Exercise prompt | Give again, word for word, the line holding "MACE 8FT Foldable" and every line after it through the end of the data below. Omit pictures.

Given information |
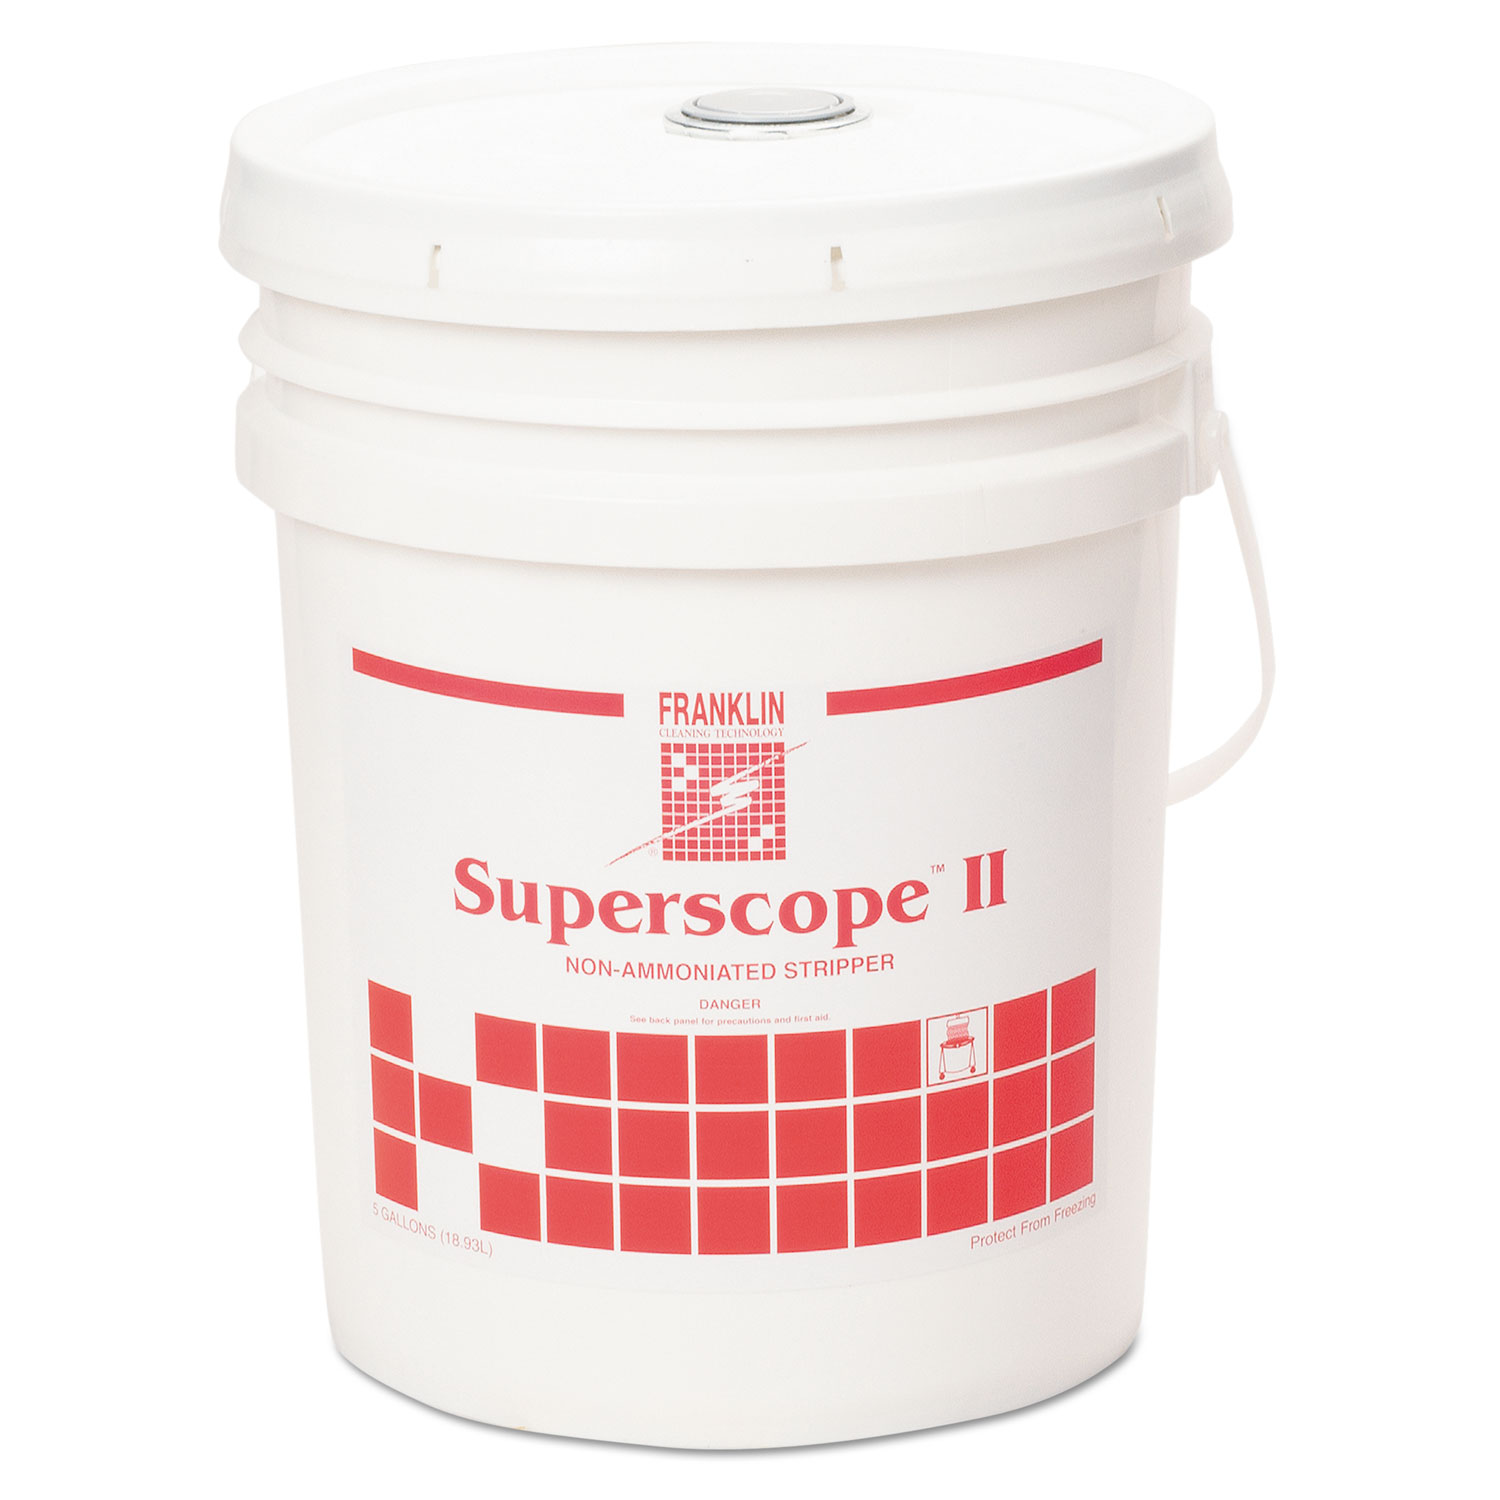  Franklin Cleaning Technology F209026 Superscope II Non-Ammoniated Floor Stripper, Liquid, 5 gal. Pail (FKLF209026) 
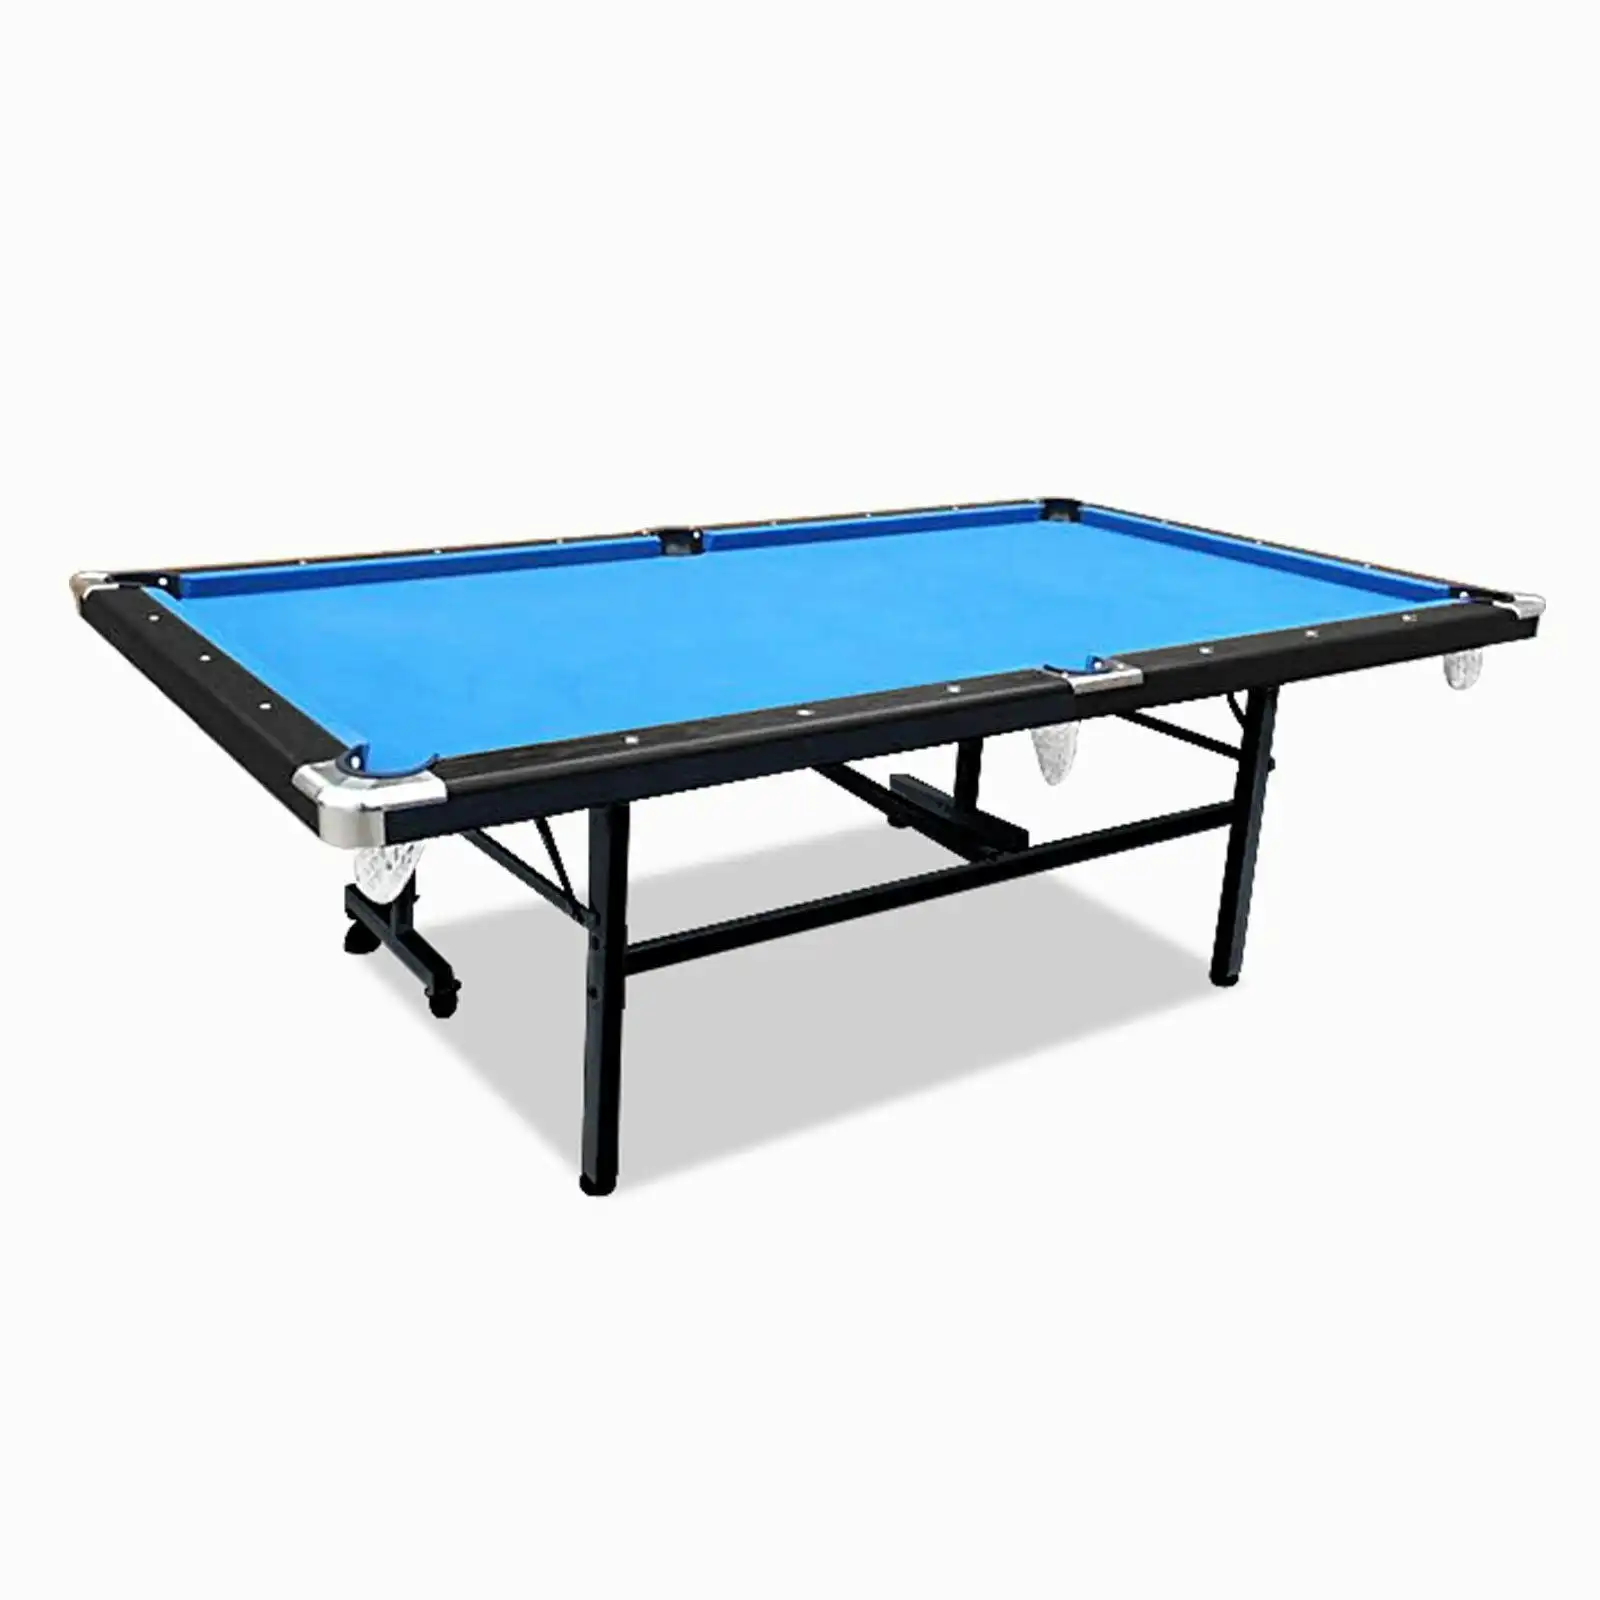 MACE 8FT Foldable Pool Table Blue/Red/Green Felt Billiard Table Free Accessory for Small Room
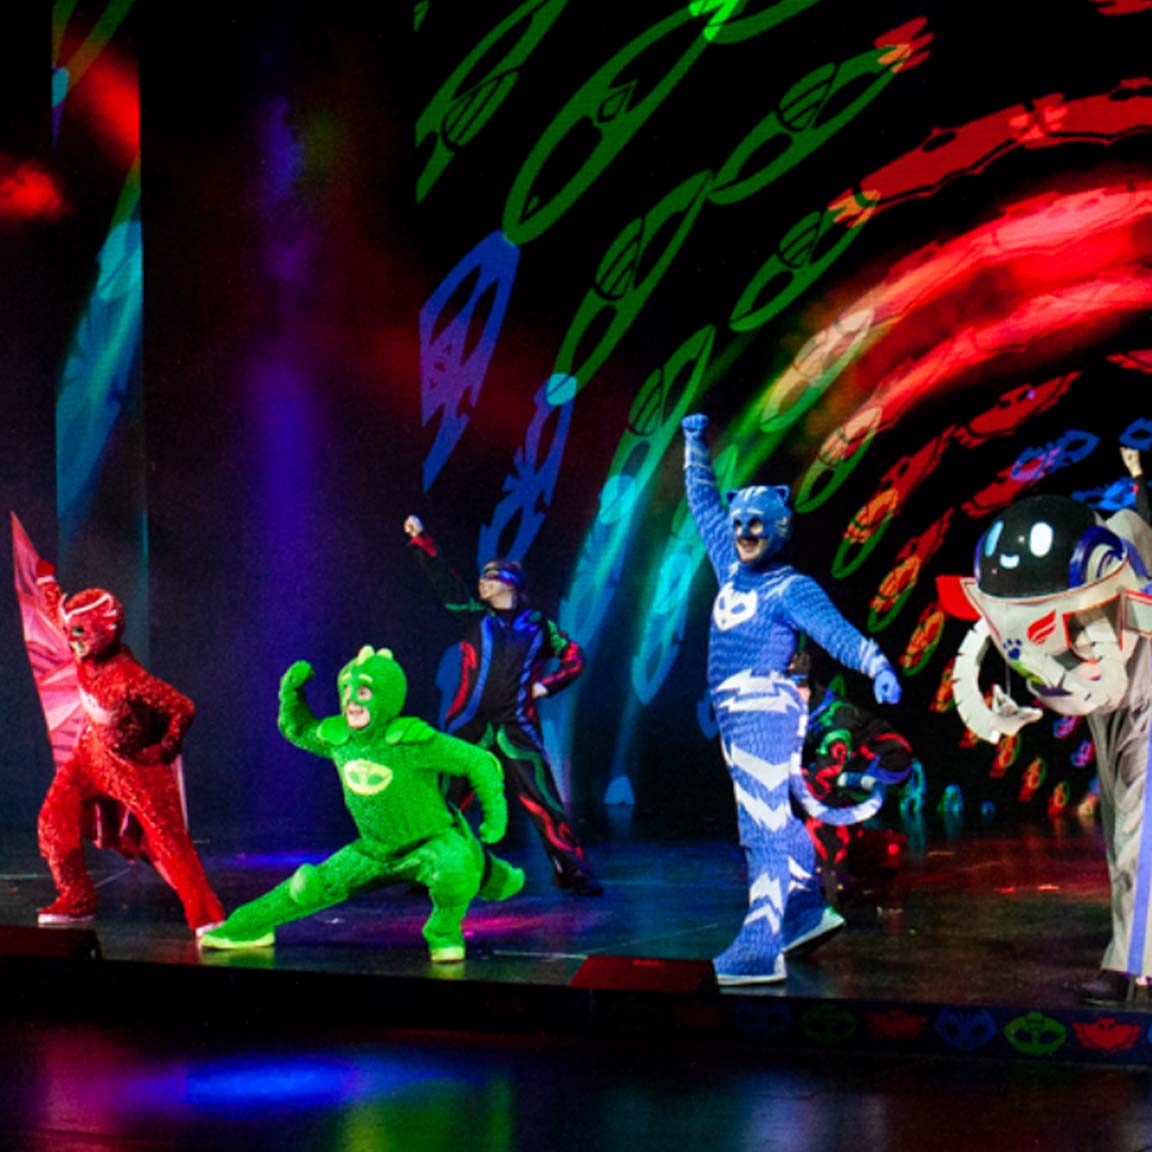 The PJ Masks Performing On Stage
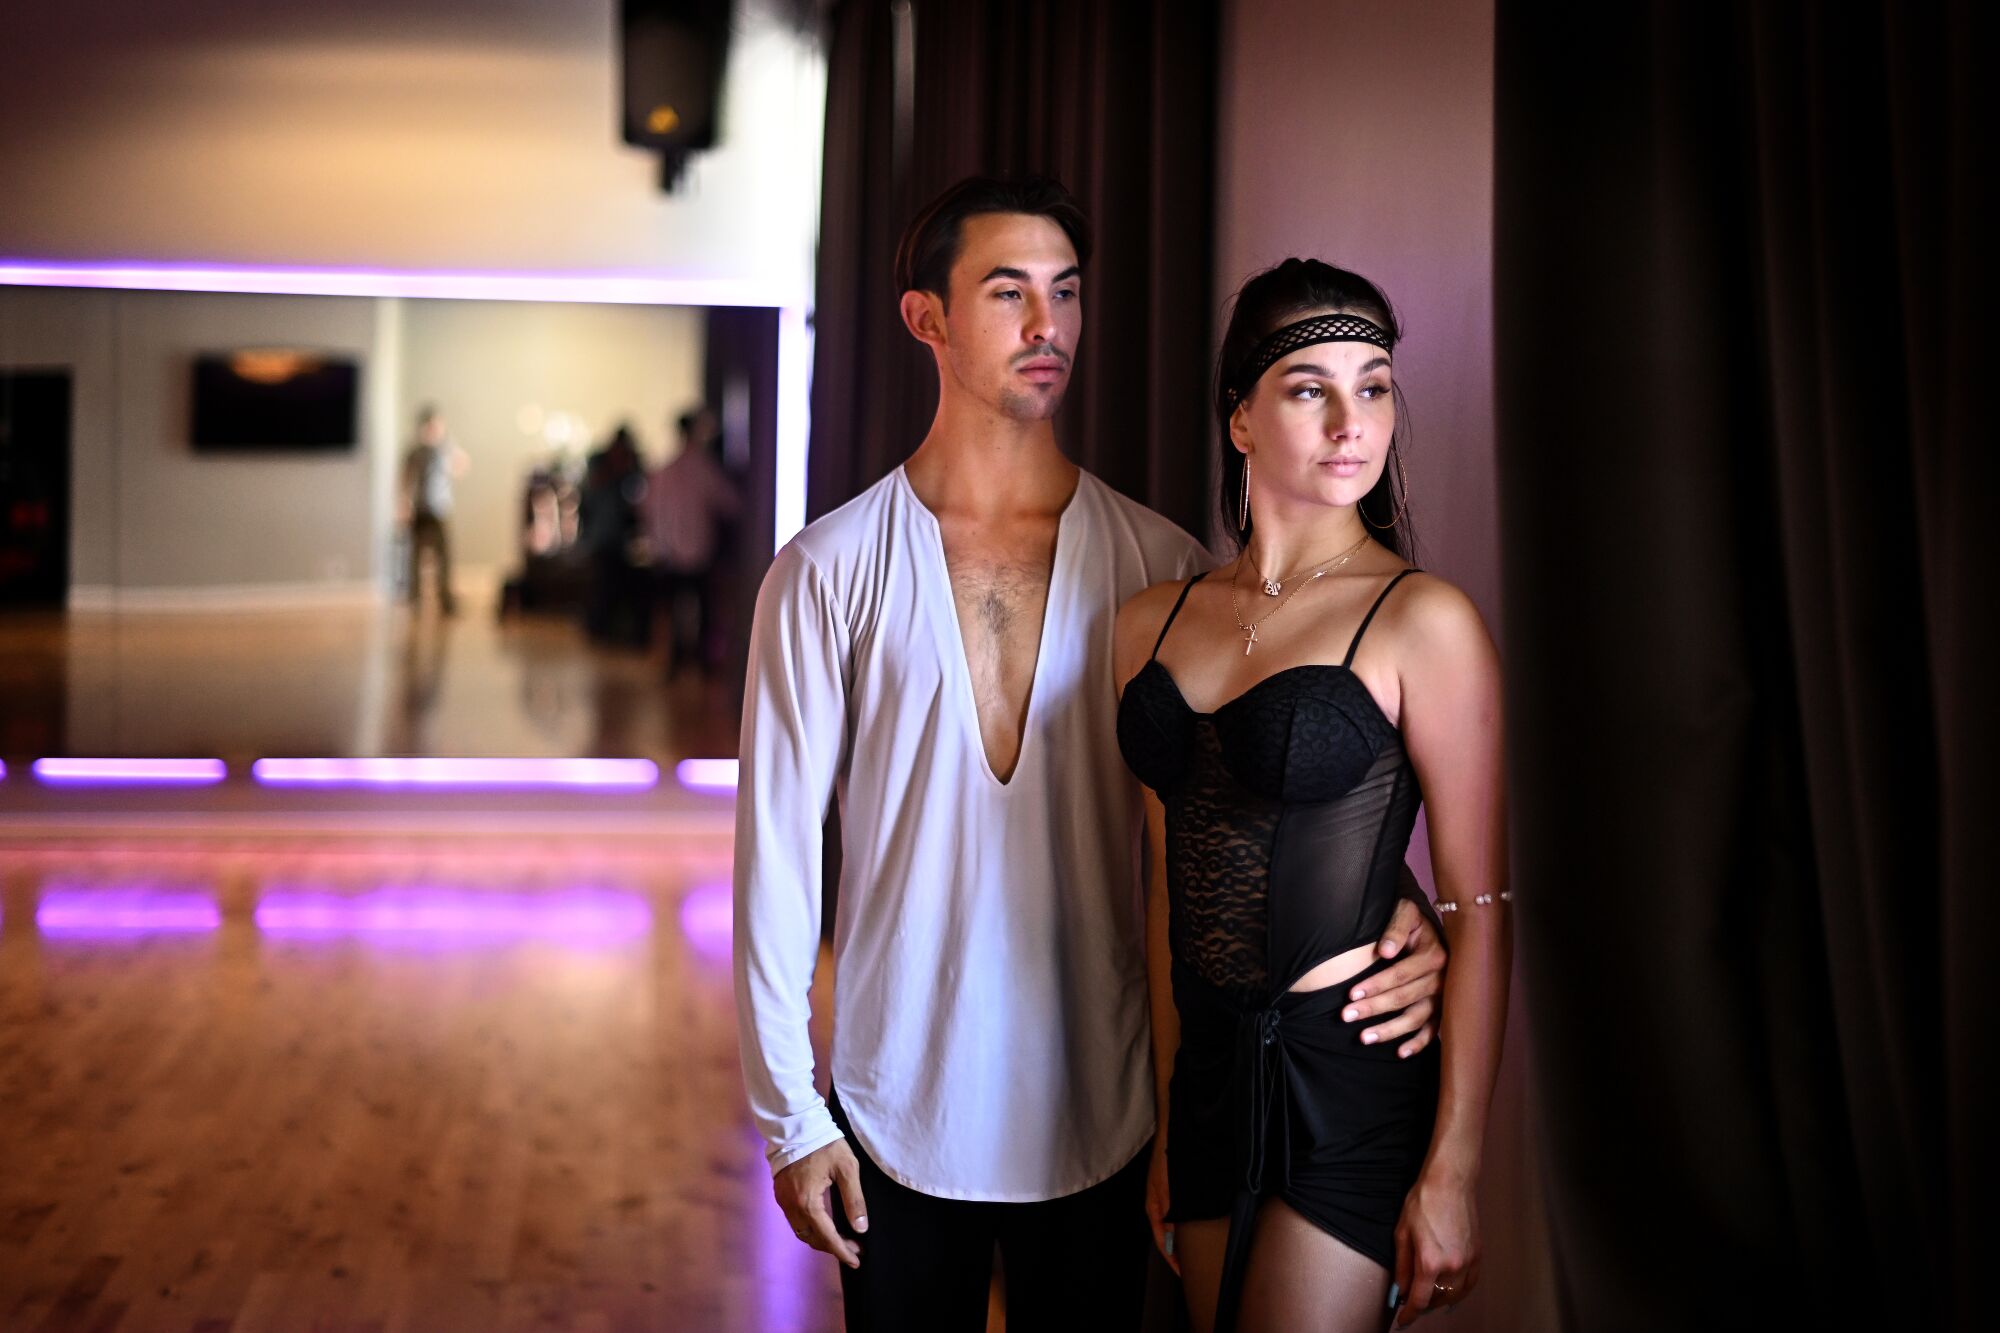 A man and woman in a dance studio.

Answer to the problem |
 MACE 8FT Foldable Pool Table Blue/Red/Green Felt Billiard Table Free Accessory for Small Room
 The PJ Masks Performing On Stage
 A man and woman in a dance studio.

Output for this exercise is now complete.